### GIVEN RECORDS
■ ■ ■ ■ ■

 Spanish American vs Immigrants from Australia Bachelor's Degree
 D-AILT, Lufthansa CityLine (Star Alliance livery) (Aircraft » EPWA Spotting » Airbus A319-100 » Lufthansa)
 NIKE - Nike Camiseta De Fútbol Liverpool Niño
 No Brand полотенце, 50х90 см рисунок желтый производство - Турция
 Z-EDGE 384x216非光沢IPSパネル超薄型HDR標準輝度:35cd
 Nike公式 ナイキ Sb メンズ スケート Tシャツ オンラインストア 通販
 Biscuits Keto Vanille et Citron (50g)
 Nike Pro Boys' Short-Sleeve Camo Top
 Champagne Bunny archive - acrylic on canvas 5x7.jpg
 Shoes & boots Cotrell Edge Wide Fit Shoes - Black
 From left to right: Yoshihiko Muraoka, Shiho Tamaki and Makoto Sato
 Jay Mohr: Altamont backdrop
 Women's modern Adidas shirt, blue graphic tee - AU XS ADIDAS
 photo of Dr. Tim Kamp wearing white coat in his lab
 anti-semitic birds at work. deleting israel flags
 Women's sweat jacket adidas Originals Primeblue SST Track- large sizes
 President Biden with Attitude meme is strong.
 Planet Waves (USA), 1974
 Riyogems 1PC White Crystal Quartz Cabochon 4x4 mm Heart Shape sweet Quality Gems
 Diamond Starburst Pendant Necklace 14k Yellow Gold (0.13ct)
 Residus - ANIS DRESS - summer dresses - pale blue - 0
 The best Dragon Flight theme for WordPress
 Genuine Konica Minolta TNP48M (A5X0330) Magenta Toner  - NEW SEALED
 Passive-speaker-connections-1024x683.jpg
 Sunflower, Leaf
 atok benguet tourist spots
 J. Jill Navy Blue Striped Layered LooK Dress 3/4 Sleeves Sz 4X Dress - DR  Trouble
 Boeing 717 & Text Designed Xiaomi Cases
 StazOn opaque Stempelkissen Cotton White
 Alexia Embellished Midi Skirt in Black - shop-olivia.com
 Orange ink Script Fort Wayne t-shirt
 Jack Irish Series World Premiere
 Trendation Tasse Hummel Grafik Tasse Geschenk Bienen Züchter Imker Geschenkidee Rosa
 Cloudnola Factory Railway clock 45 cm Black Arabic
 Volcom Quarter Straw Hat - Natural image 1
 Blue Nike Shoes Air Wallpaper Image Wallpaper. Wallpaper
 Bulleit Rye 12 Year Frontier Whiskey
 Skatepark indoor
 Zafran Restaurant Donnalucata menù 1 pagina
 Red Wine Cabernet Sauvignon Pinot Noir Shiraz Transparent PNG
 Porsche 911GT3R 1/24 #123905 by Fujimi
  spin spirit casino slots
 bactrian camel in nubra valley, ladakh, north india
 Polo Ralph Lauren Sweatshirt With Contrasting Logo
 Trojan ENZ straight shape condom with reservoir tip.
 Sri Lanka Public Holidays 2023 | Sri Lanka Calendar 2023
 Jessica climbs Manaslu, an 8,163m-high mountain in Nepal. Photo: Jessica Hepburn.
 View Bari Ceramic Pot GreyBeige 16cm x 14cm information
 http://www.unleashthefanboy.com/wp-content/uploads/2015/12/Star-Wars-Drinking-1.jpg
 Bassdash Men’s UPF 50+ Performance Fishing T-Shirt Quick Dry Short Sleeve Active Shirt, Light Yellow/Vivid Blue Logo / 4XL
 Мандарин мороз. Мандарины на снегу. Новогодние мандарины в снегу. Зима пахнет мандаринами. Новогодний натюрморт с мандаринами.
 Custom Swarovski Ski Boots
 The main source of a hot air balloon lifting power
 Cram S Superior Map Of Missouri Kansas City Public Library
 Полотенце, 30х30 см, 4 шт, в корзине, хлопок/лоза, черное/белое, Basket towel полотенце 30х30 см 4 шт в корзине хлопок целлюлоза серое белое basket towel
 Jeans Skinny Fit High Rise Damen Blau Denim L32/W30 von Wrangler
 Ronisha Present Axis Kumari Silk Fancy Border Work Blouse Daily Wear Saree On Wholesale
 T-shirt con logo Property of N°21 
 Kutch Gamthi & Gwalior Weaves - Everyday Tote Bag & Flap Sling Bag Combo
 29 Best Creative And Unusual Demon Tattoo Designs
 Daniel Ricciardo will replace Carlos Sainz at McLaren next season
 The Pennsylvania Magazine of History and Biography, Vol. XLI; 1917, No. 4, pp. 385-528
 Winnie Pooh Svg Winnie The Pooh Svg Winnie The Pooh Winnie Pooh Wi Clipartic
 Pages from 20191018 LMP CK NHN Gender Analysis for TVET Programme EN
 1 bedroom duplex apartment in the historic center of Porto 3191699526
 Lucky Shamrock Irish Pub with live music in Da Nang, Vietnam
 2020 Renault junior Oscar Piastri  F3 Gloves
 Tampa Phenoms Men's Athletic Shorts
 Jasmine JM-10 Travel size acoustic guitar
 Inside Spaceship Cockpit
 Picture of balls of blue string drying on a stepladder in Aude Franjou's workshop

■ ■ ■ ■ ■

### YOUR ASSIGNMENT
Quote exactly the first line of the entries and every line after it, stopping with the line that contains "Bulleit Rye 12 Year Frontier Whiskey".

### ANSWER BOX
 Spanish American vs Immigrants from Australia Bachelor's Degree
 D-AILT, Lufthansa CityLine (Star Alliance livery) (Aircraft » EPWA Spotting » Airbus A319-100 » Lufthansa)
 NIKE - Nike Camiseta De Fútbol Liverpool Niño
 No Brand полотенце, 50х90 см рисунок желтый производство - Турция
 Z-EDGE 384x216非光沢IPSパネル超薄型HDR標準輝度:35cd
 Nike公式 ナイキ Sb メンズ スケート Tシャツ オンラインストア 通販
 Biscuits Keto Vanille et Citron (50g)
 Nike Pro Boys' Short-Sleeve Camo Top
 Champagne Bunny archive - acrylic on canvas 5x7.jpg
 Shoes & boots Cotrell Edge Wide Fit Shoes - Black
 From left to right: Yoshihiko Muraoka, Shiho Tamaki and Makoto Sato
 Jay Mohr: Altamont backdrop
 Women's modern Adidas shirt, blue graphic tee - AU XS ADIDAS
 photo of Dr. Tim Kamp wearing white coat in his lab
 anti-semitic birds at work. deleting israel flags
 Women's sweat jacket adidas Originals Primeblue SST Track- large sizes
 President Biden with Attitude meme is strong.
 Planet Waves (USA), 1974
 Riyogems 1PC White Crystal Quartz Cabochon 4x4 mm Heart Shape sweet Quality Gems
 Diamond Starburst Pendant Necklace 14k Yellow Gold (0.13ct)
 Residus - ANIS DRESS - summer dresses - pale blue - 0
 The best Dragon Flight theme for WordPress
 Genuine Konica Minolta TNP48M (A5X0330) Magenta Toner  - NEW SEALED
 Passive-speaker-connections-1024x683.jpg
 Sunflower, Leaf
 atok benguet tourist spots
 J. Jill Navy Blue Striped Layered LooK Dress 3/4 Sleeves Sz 4X Dress - DR  Trouble
 Boeing 717 & Text Designed Xiaomi Cases
 StazOn opaque Stempelkissen Cotton White
 Alexia Embellished Midi Skirt in Black - shop-olivia.com
 Orange ink Script Fort Wayne t-shirt
 Jack Irish Series World Premiere
 Trendation Tasse Hummel Grafik Tasse Geschenk Bienen Züchter Imker Geschenkidee Rosa
 Cloudnola Factory Railway clock 45 cm Black Arabic
 Volcom Quarter Straw Hat - Natural image 1
 Blue Nike Shoes Air Wallpaper Image Wallpaper. Wallpaper
 Bulleit Rye 12 Year Frontier Whiskey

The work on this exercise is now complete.